Use up those Leftover Easter Eggs

Filed under: Eggs and Vegetarian Main Courses, Leftovers, Poultry, WIC friendly — ruralmomof3 @ 7:00 am

As I look in the fridge at the nearly 2 dozen of boiled eggs and smell that funky smell they leave, I am reminded that I need to get them used up.  Some people like to  just eat them as they are with a little salt and pepper, but I like to make stuff with them.

Here are some ideas:

  • A salad with dark greens,  red tomato, purple onion, and a sliced boiled egg with your favorite dressing on top.
  • Egg salad sandwich  Recipe – use about 2 boiled eggs per person.  Remove the shell and rinse.  Smash the eggs with a fork or chop them well.  Combine this with a little salt and pepper and start with about a teaspoon of mayonnaise per person and a drop of mustard (optional).  Mix well and add more mayo until you get the consistency you like- some people like a litttle mayo and some like a lot.  Spread on bread and top with a little lettuce.  You could also add a little bacon or bacon bits or ham to this but warn those who eat it so they don’t mistake the meat for egg shell chunks (lol)
  • Deviled eggs–  if your eggs peel easily (to have them peel easily, you need to use eggs that are at least a couple weeks old from the store or a month old if they were fresh from the farm).            Recipe- Carefully peel and rinse your eggs.  Carefully slice them in half the long way.  Pushing up from the outside slightly you can easily “pop” the yolk out with a teaspoon.  Put the yolks in a small bowl and lay the empty whites on a platter.  Mash the yolks with a fork and add about one teaspoon mayonnaise for every 3-4 eggs.  Add a dash of salt and pepper and a dot of mustard.  Mix well.  If you want a creamier consistency add a little more mayo until you like it.  Refill the whites with the creamy yolk mixture (I use my small cookie scoop, some use a frosting decorator thingy, and some just use a teaspoon and their finger).  If you want to dress them up, sprinkle with Paprika or pepper.
  • Creamed eggs on toast.     Recipe- Make a thin to medium white sauce (basic recipe found in most cookbooks and on the side of most corn starch containers).  Once thickened, turn to simmer and stir in several sliced boiled eggs and some salt and pepper.  Serve on toast.  To dress this one up a little or make it a more substantial meal, you can also stir in some leftover chopped ham or lay a thin slice of ham on the toast before spooning the creamed eggs on top.  Can also be sprinkled with some shredded cheese.  This is my favorite use of boiled eggs!!
  • Boiled eggs can also be added to chicken or tuna salad to stretch the meat a little further.
  • Boiled egg yolk is sometimes used as a thickener in homemade salad dressing too.
  • Hot Chicken Salad (can use ham instead if you like)- it uses boiled eggs.  The one I have tried is:  1 cup chopped chicken, turkey, or ham.  Heated on low with 1 Tbl butter, 1 Tbl water.  When heated through, add dash of salt, pepper, and celery salt.  Stir in 1 Tbl lemon juice, 1/3 c. mayonnaise, 2 chopped boiled eggs and 1/2 c diced celery.  Serve on biscuits.  I found this to be a little thick- if it is for you too, a cream sauce can be added to it or some cream of chicken or celery soup.
  • I had a recipe for a Chicken and Boiled Egg loaf (like meatloaf) but can’t find it right now.  It was very similar to the chicken salad recipe above but baked in a loaf pan and served like meatloaf.  You can play around with that idea and see what you can come up with!
  • Noodle Dish Dressing

3-4 boiled, diced eggs

1 small onion diced

3-4 Tbl sour cream

1 Tbl water

1-2 Tbl vinegar

pinch salt

Combine all ingredients well and serve on top of hot egg noodles.

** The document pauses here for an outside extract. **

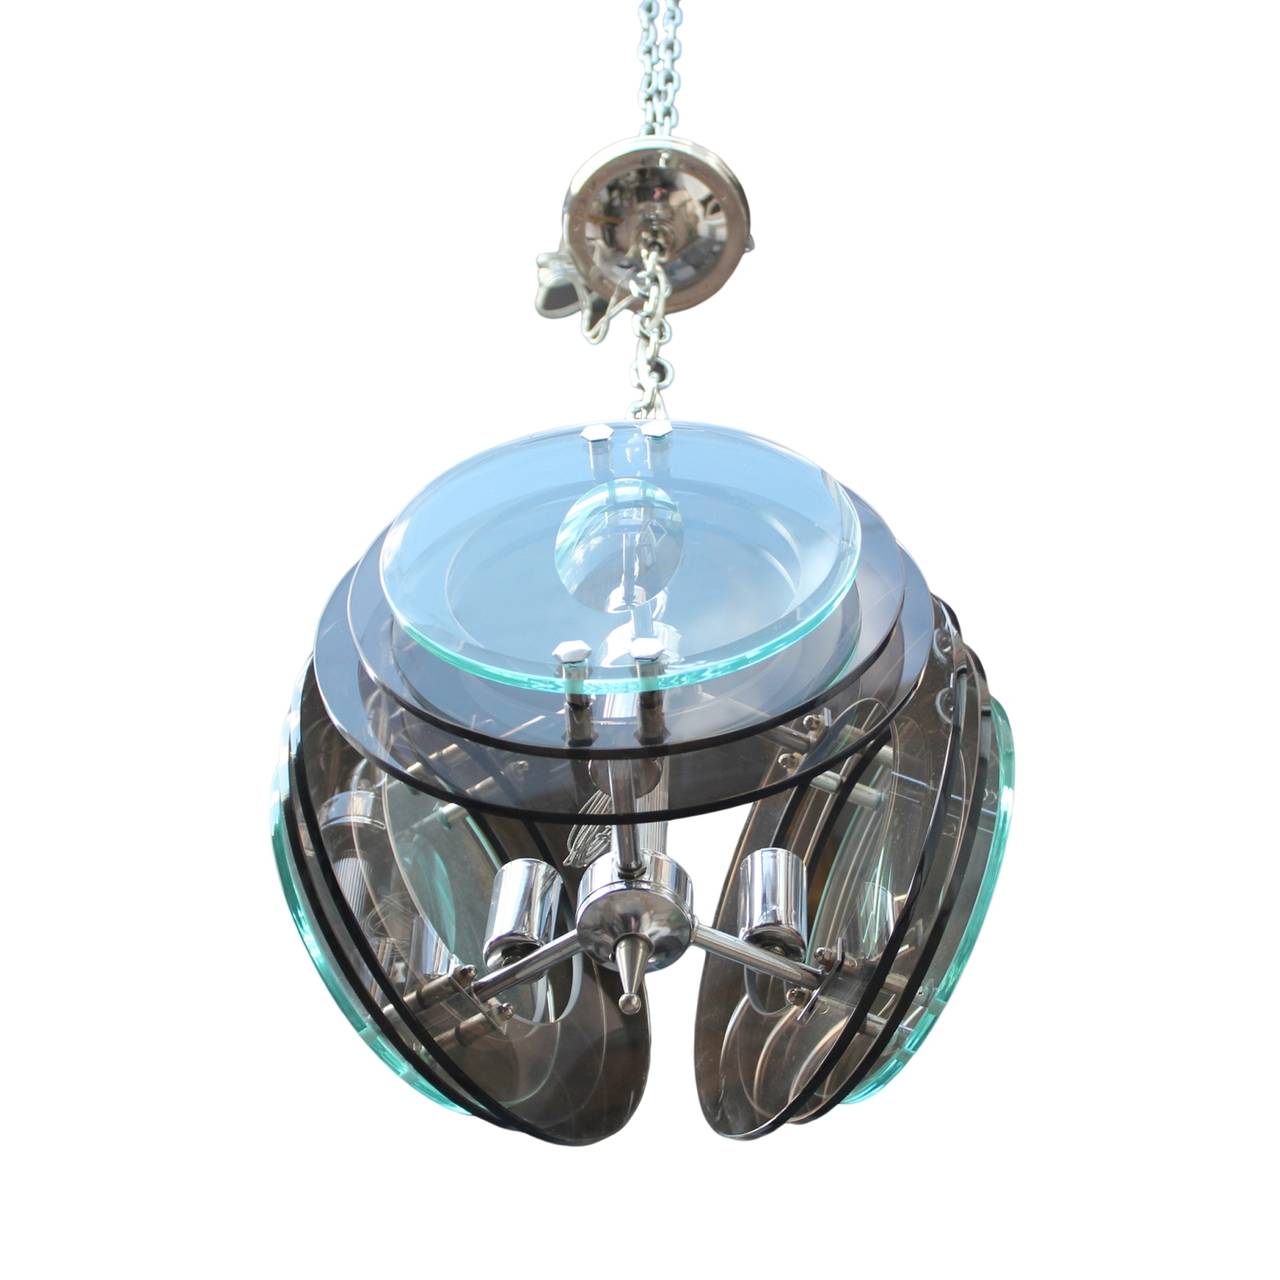 Etched Italian Modernist pendant lamp For Sale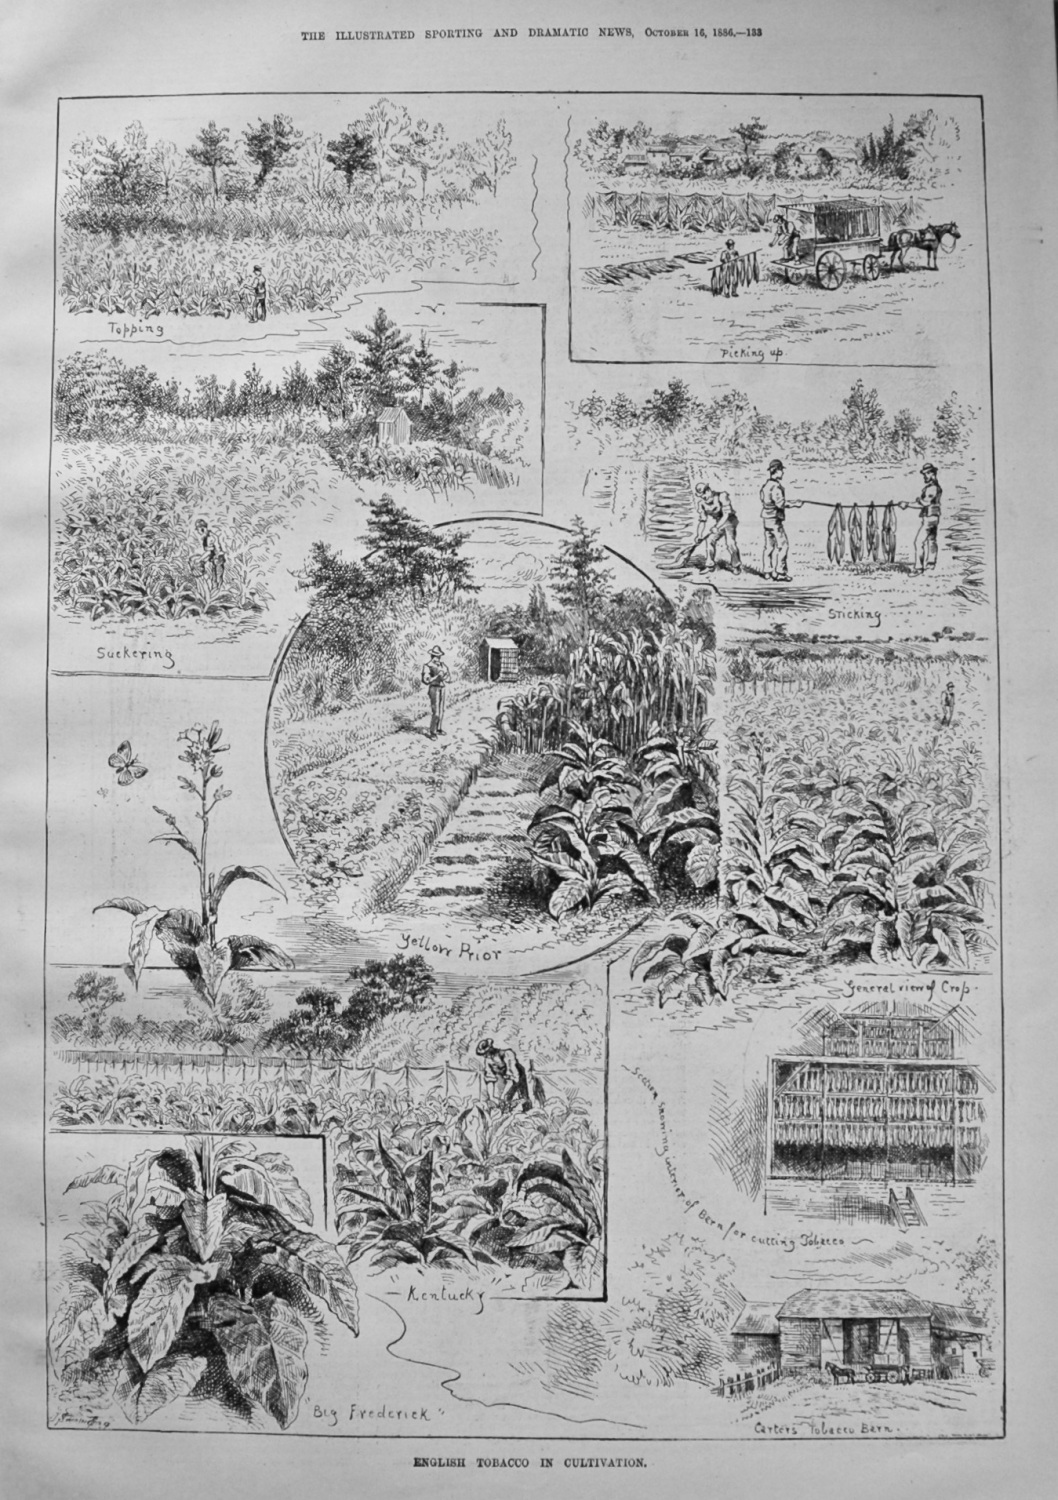 English Tobacco in Cultivation. 1886

  • I have a Favorite Potato Salad recipe that’s a little different.  It is a little more complicated than some but I think it’s worth the effort.

In a small saucepan, bring to boil:

1/4 c. vinegar

1/4 c. water

1/4 c. sugar

1/4 tsp salt

1 tsp mustard

dash pepper

1 Tbl diced onion

In a separate bowl, beat the boogers out of

2 raw eggs.

Reduce the heat of your saucepan mixture and while stirring with a wisk, slowly pour in beaten eggs.  Cook until thickened, stirring constantly.

Beat in 1 c. salad dressing (I prefer Hellman’s mayonnaise) and remove from heat.

Pour this dressing over:

2 chopped boiled eggs,

4 c. cubed and cooked potatoes (I prefer to use potatoes that are still warm)

1/2 c. diced cucumber or celery (I prefer the cucumber)

Toss to coat.  Serve warm or chilled.

  • Macaroni Salad -The following ingredients are my favorite combination for macaroni salad.  I do not have amounts listed because I don’t measure this one.  Combine the ingredients using the amounts  you have available and use enough salad dressing (Hellman’s is my first choice) to make a creamy salad.  Refrigerate (may add more salad dressing at time of serving)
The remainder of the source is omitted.